The Agent, The Tool and The Act

- Posted in Tech by - Permalink

Reality bites in different ways, almost always bringing up some edge case. In today's world of the mobile apps, there are lots of events and one needs to track referrers (which traffic source led to install of an app); what user if logged on, if any; what physical device is used; what version / strain of the app was involved in the event; etc. Thing is complicated by the fact basically any of these can change. App may be uninstalled and reinstalled. The same or the different strain / version. User may log out / log in. In the same or in different device. The naïve 1-...-1 correspondence is often broken.

If one tries to track all of the variables involved, the complexity will rise exponentially. If the code has grown in an incremental, evolutional manner, using "Do The Simplest Things That Could Possibly Work" (a great idea that should be stuck to), the code probably started with 1-...-1 correspondences anyway, and needed to be adapted (better or worse) to edge cases modifying the simple 1-...-1 correspondences.

To unclog the resulting complexity, a methodology is proposed in this article. It tries to put some order in these scenarios, by defining three abstract entities of data involved, and trying to build the resulting domain model around these abstractions.

These three types of data are: The Agent, The Tool and The Act. The two former are primitive building blocks, the third is their relationship.

The Agent is an entity that the holds the agency – more colloquially known as "user", but the word is undoubtedly used in many libraries, frameworks etc. so a bit less overused word is used. The essence is indeed "having the agency", that is, being the sentient being that is responsible for starting and stopping the tasks / events. In normal cases, it represents the "user as we know it", eg. a logged on account via an identity provider.

The Tool is an entity that The Agent uses to make actions, and only The Tool (not The Agent) can be used to communicate in an information network. The Tool thus combines all the necessary data to identify the hw / sw / net artifacts that are used by The Agent. Example of one instance of The Agent is "The mobile app foo, driven by referrer bar, installed on device baz and communicating on channel quux on provider quib". In general, The Tool is not mutable, eg. the "foo", "bar" etc. are not changed for the data entry representing the tool; instead, if new combination is needed, new instance of The Tool is created.

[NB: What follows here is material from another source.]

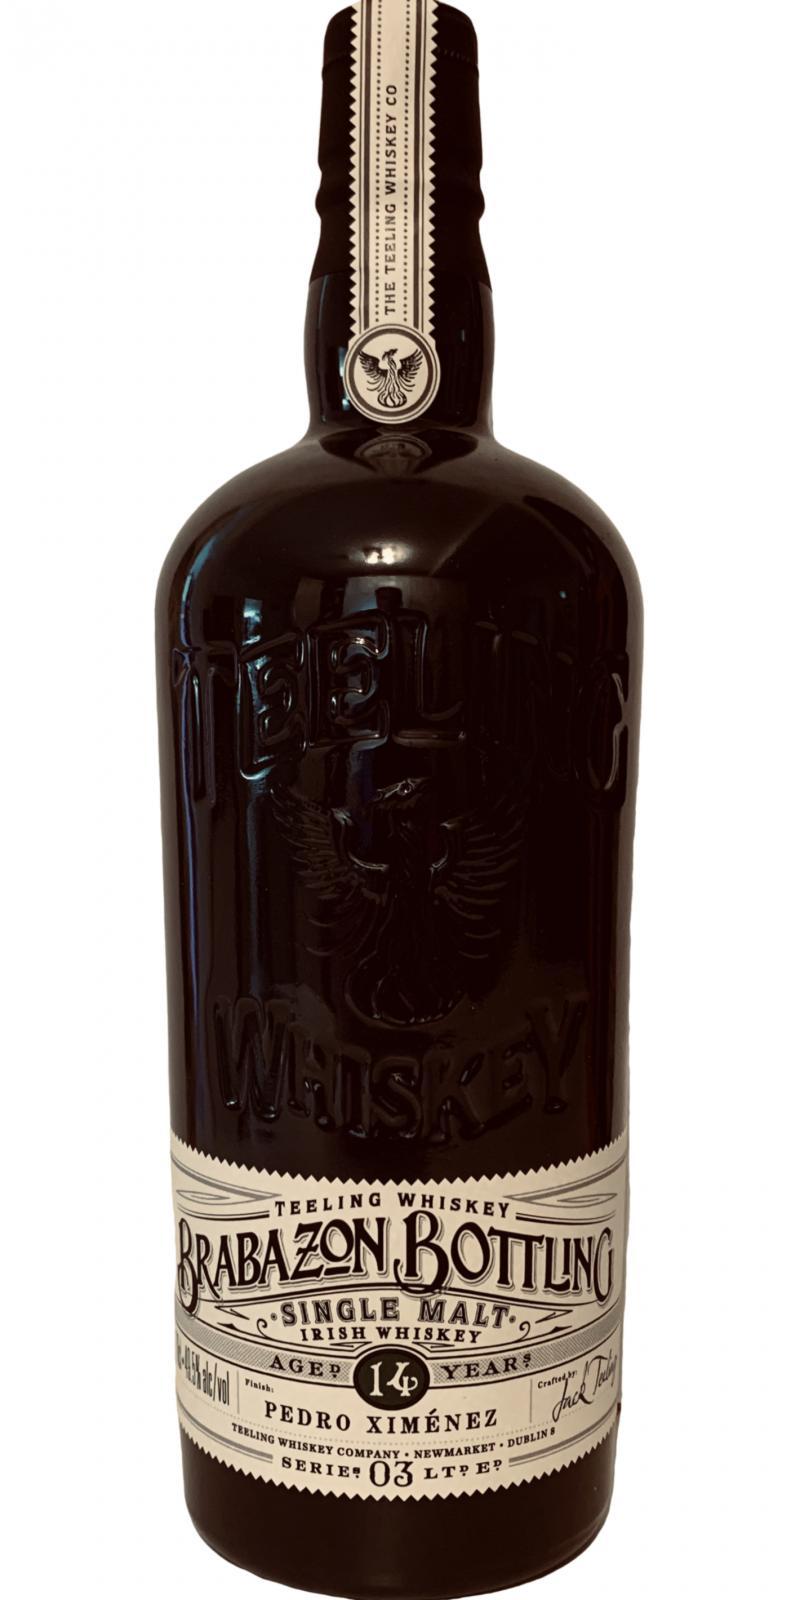 Teeling Brabazon Bottling Series 03
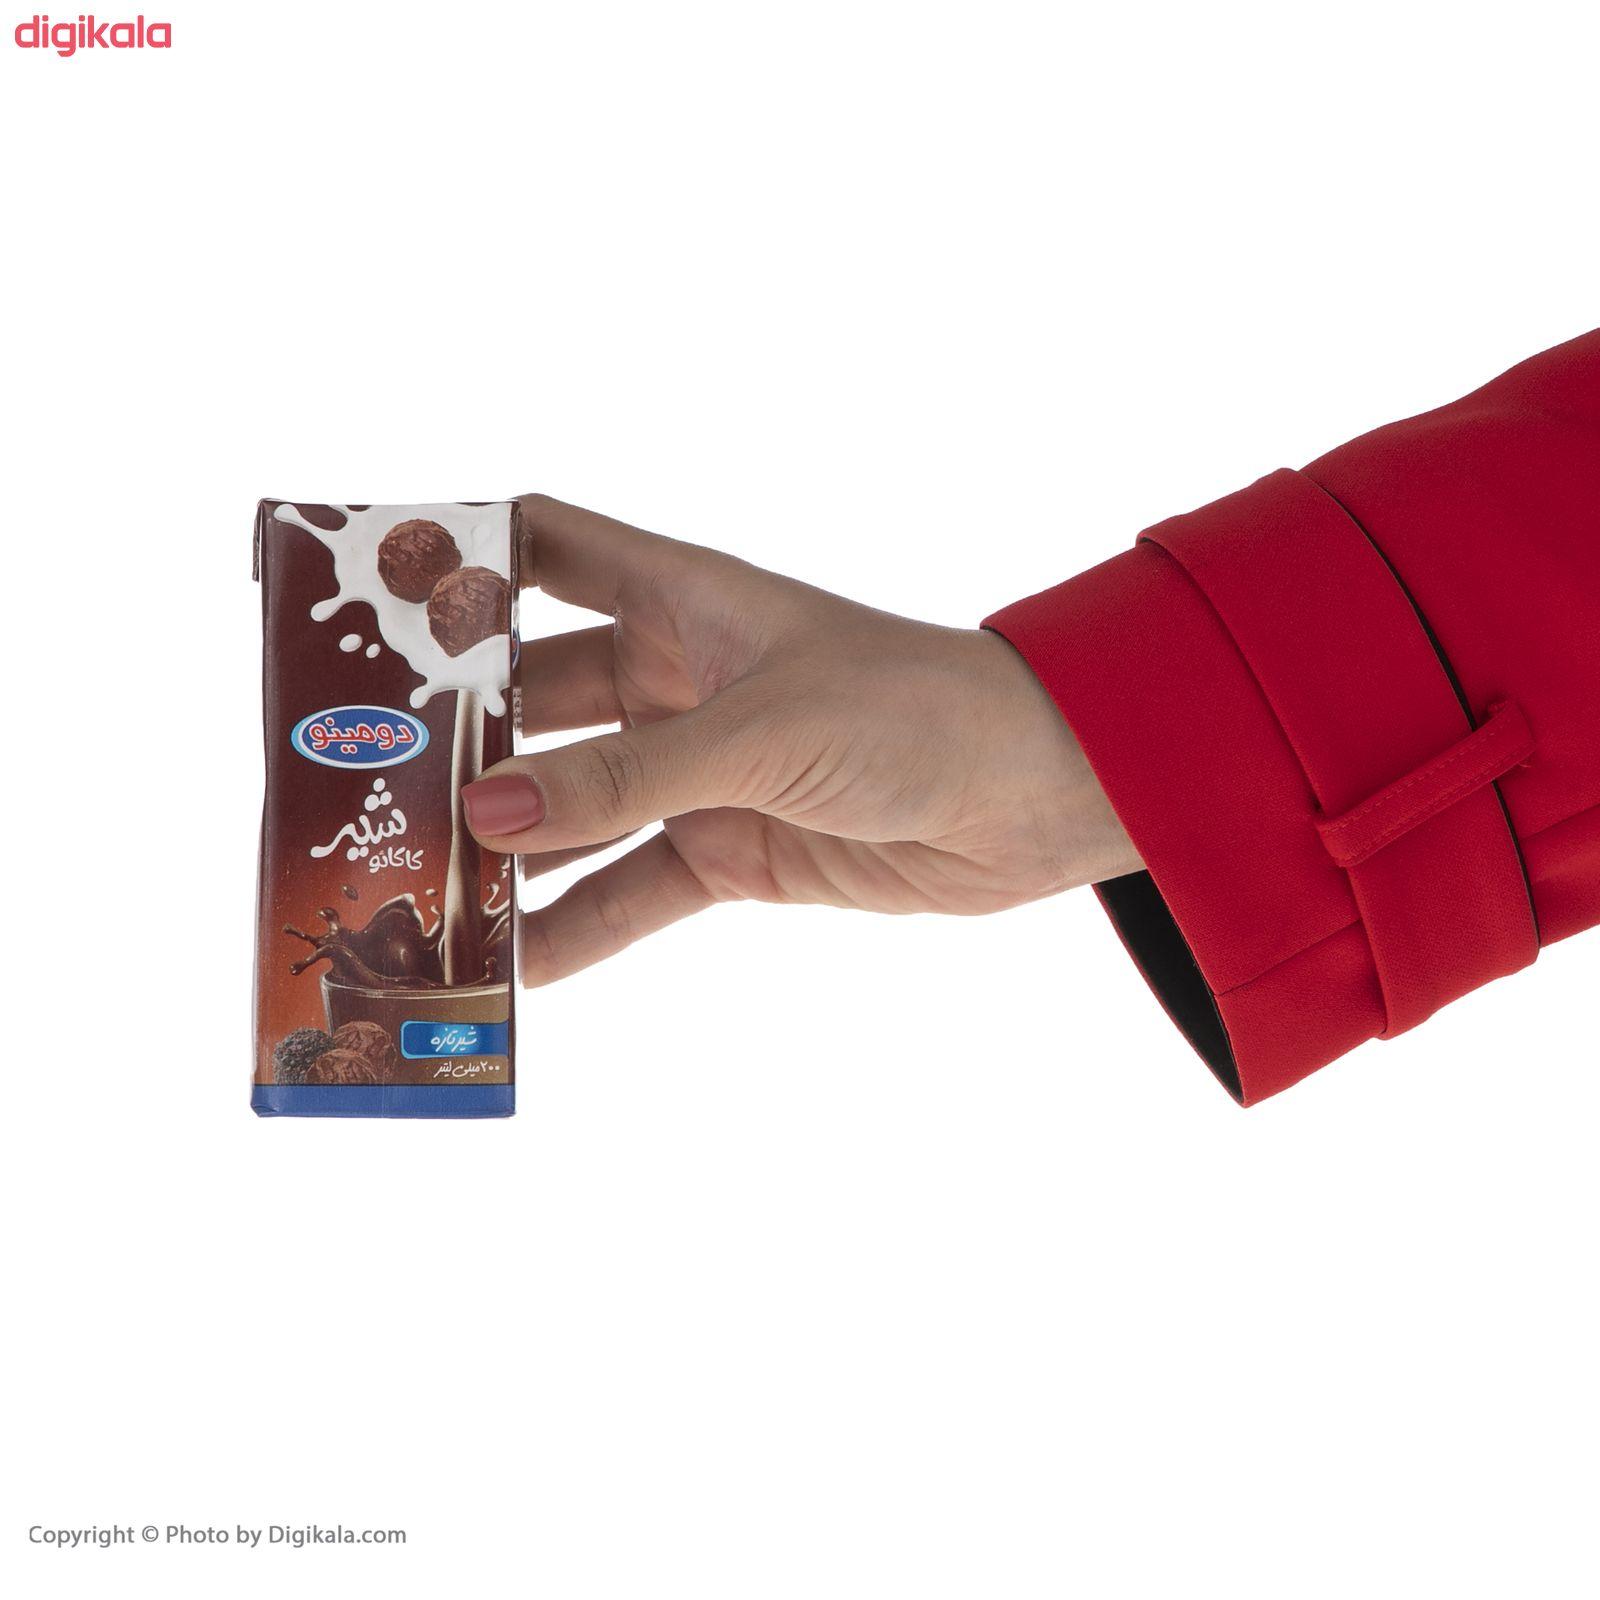 شیر کاکائو دومینو - 0.2 لیتر بسته 6 عددی main 1 7

The third piece is The Act. In essence, it is just a [Agent, Tool] pair. Whenever some agent starts to use some tool (user logs in the app), The Act should be created for the pair. It is in fact the policies of working with The Act that try to tame the complexity accordingly to the need of the project. You may want to create and retain every single act (in which case there may be multiple acts for the same [Agent, Tool] pair and you need The Act to have its own key). You may decide the [Agent, Tool] pair is the composite key and thus there is always at most one act for the given pair. You may go more user-centric and decide there is only one act per user; or device-centric and decide there is only one act per device (yes, you could then just have used a foreign key, but). Or you may have some more elaborate policy on how to treat acts. The bottom line is, all these "data policy" and "relationship of data" question are, more or less, boiled down to how you treat your acts – the agents as well as the tools will need minimal, if every any, changes once you find out what they represent in your case.

Any living app contains lots of event data, and The Tool, The Agent and The Act should be used to build those events. Depending on the type of the event, you may specify who did it (The Agent), what did it (The Tool), both (easy, just use two foreign keys) or, in case you retain multiple acts for agent-tool pair, the historic context (The Act itself). The possible combination here are low, though – just a few options to select from, for each type of the event. The analytics done later on the events is made easy by this fact. When you know you can only have agent-events, tool-event, pair-evcnts or session-events, there is only finite ways of how to work with them. You keep the possible complexity down, plus having the very trivial set of acts, you could always try to look it up and try to fill up missing pieces (eg. we need to communicate with the agent, let's find last act of his and send the message to the tool he used; there are other ad-hoc examples like this).

To recap: to tame complexity of tracking multiple strain of data in todays shifting world, split your data to represent The Agent (one having agency), The Tool (used to make actions and communicate), The Act (pairing of the two), and only refer to one of these in your events.